## TASK ITEM
Return all of the data exactly as written, without the pictures.

## DATA BELOW
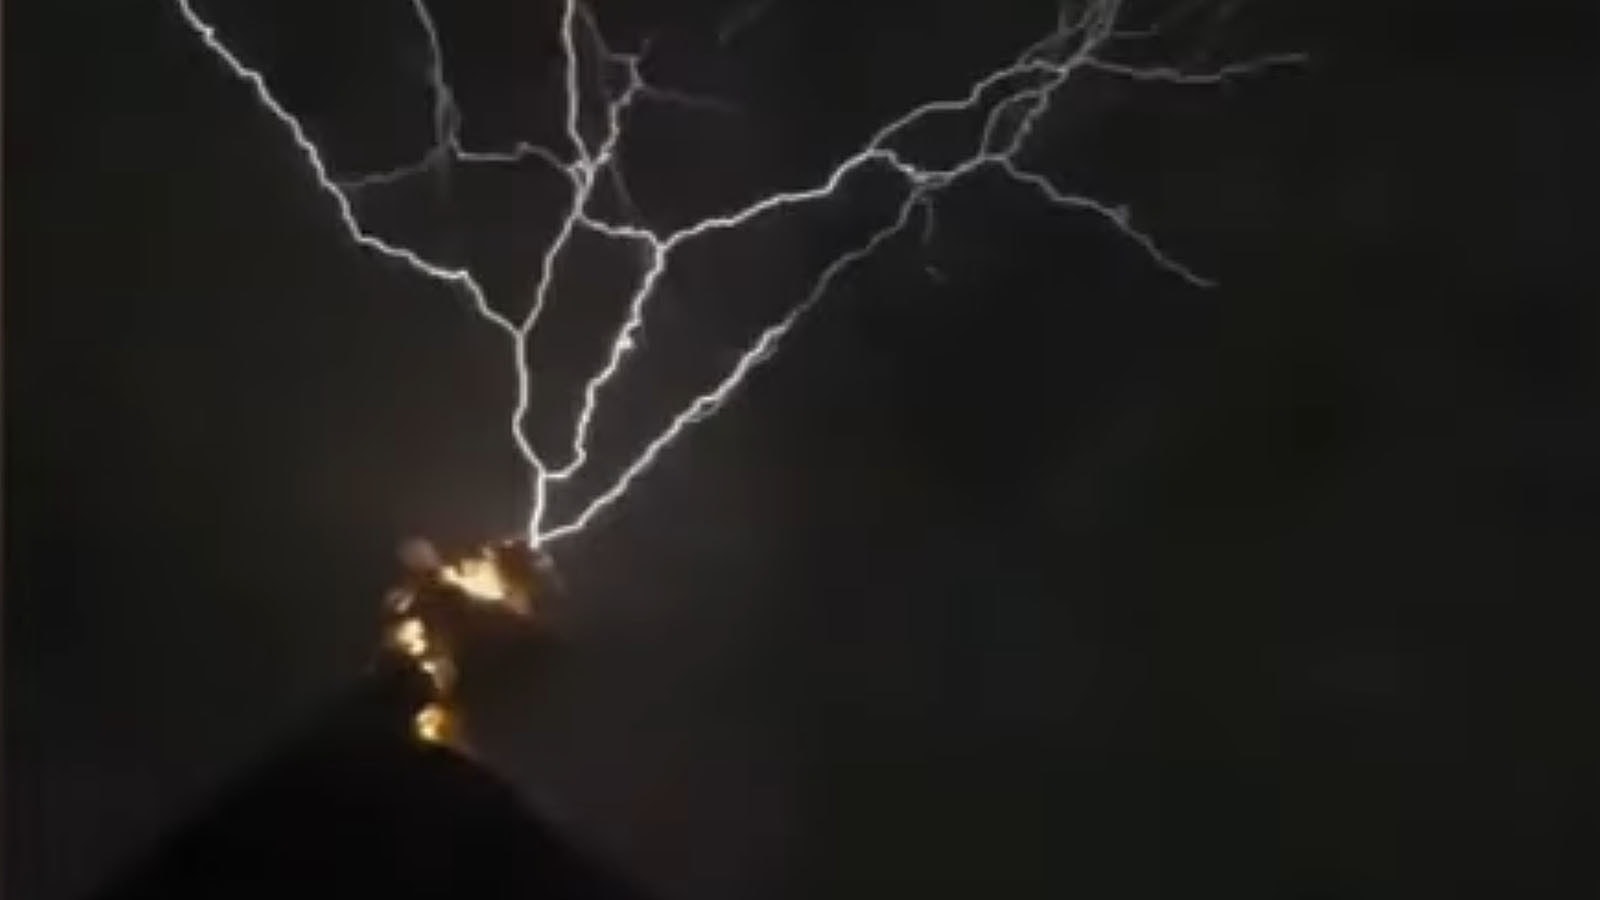 Images from a viral video showing lightning striking an erupting volcano in Guatemala.
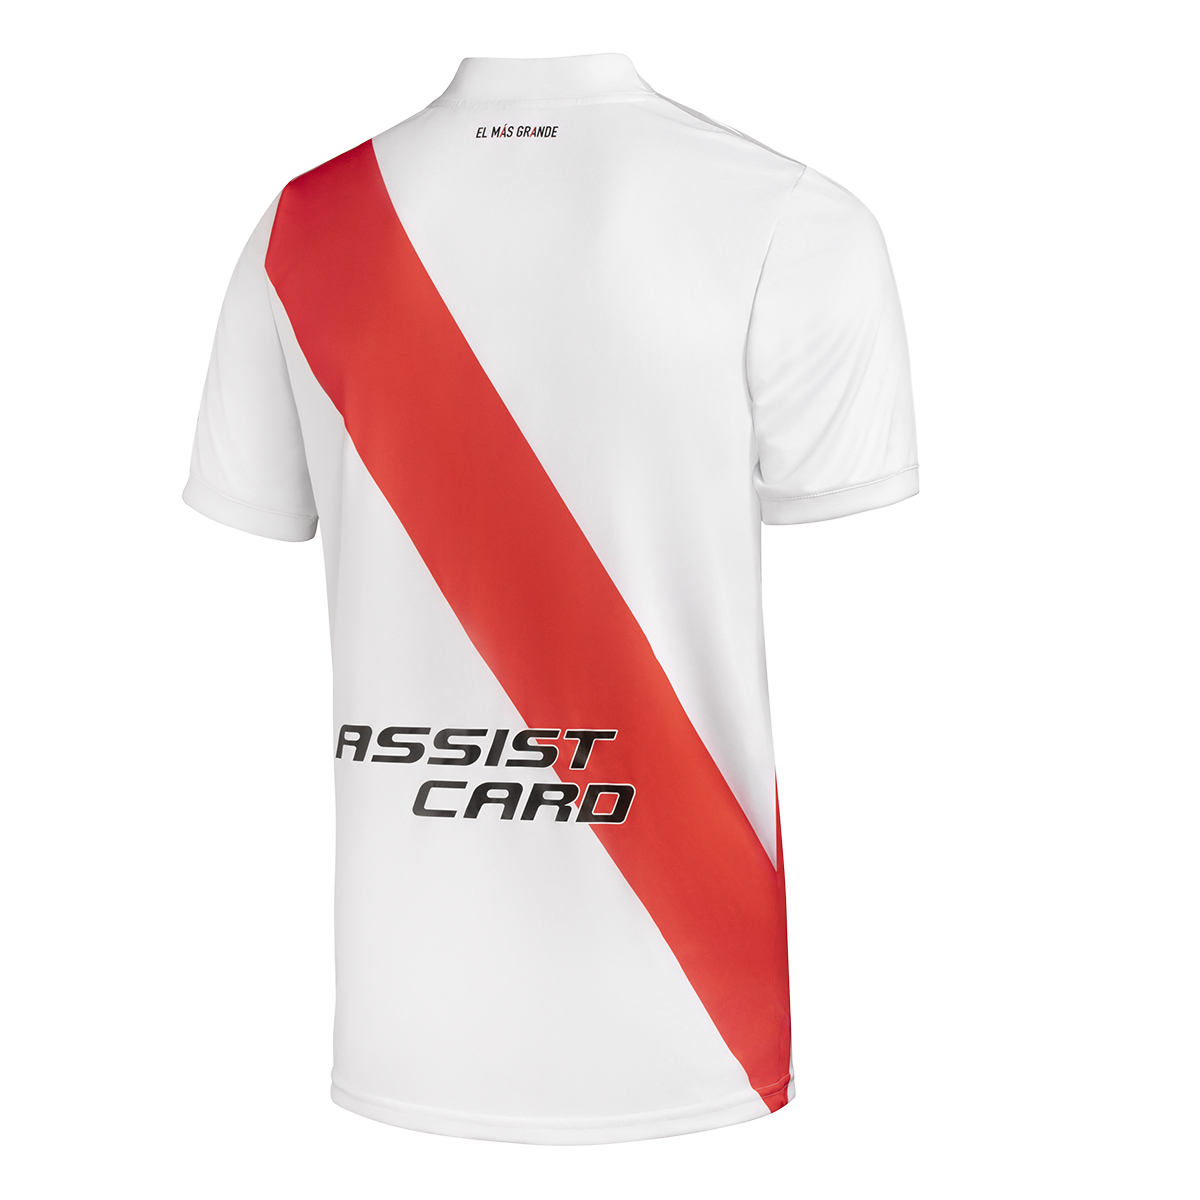 Camiseta adidas River Plate Home 20/21,  image number null
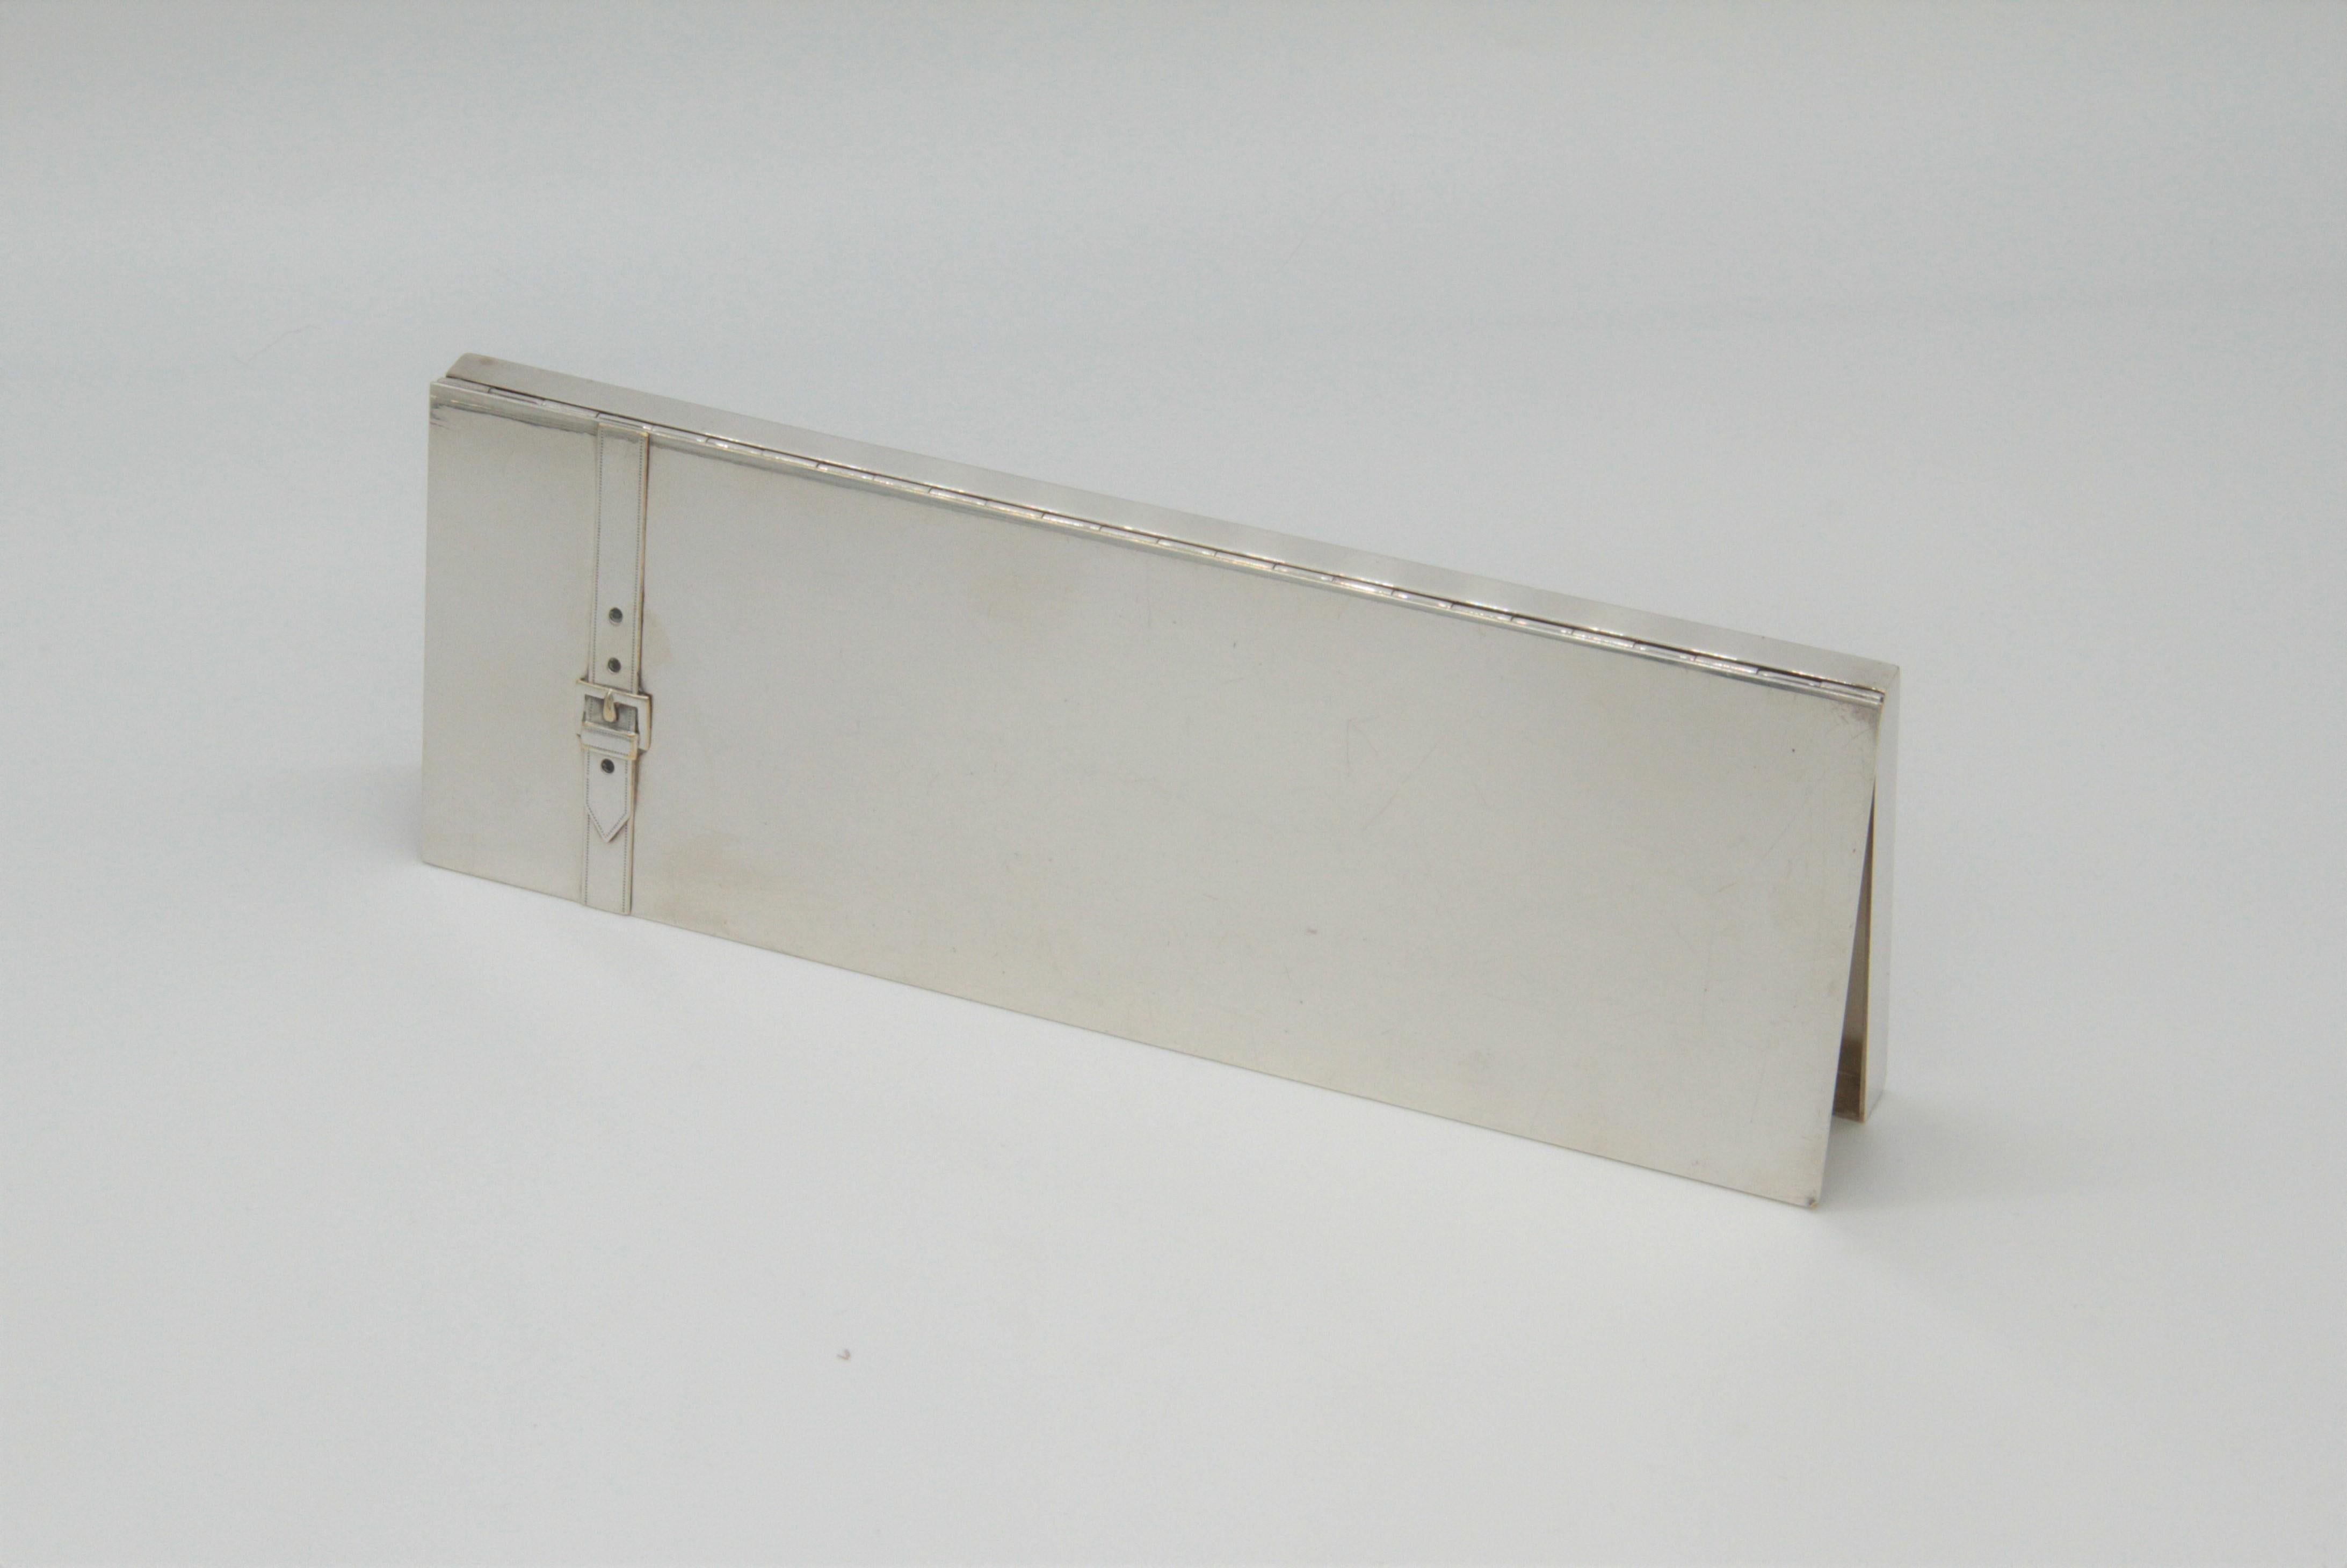 Silvered-Metal Cigarette Box by Maria Perguay, 1960s In Good Condition For Sale In Paris, France

## EXERCISE SOLUTION
 Images from a viral video showing lightning striking an erupting volcano in Guatemala.
 Camiseta adidas River Plate Home 20/21,  image number null
 Silvered-Metal Cigarette Box by Maria Perguay, 1960s In Good Condition For Sale In Paris, France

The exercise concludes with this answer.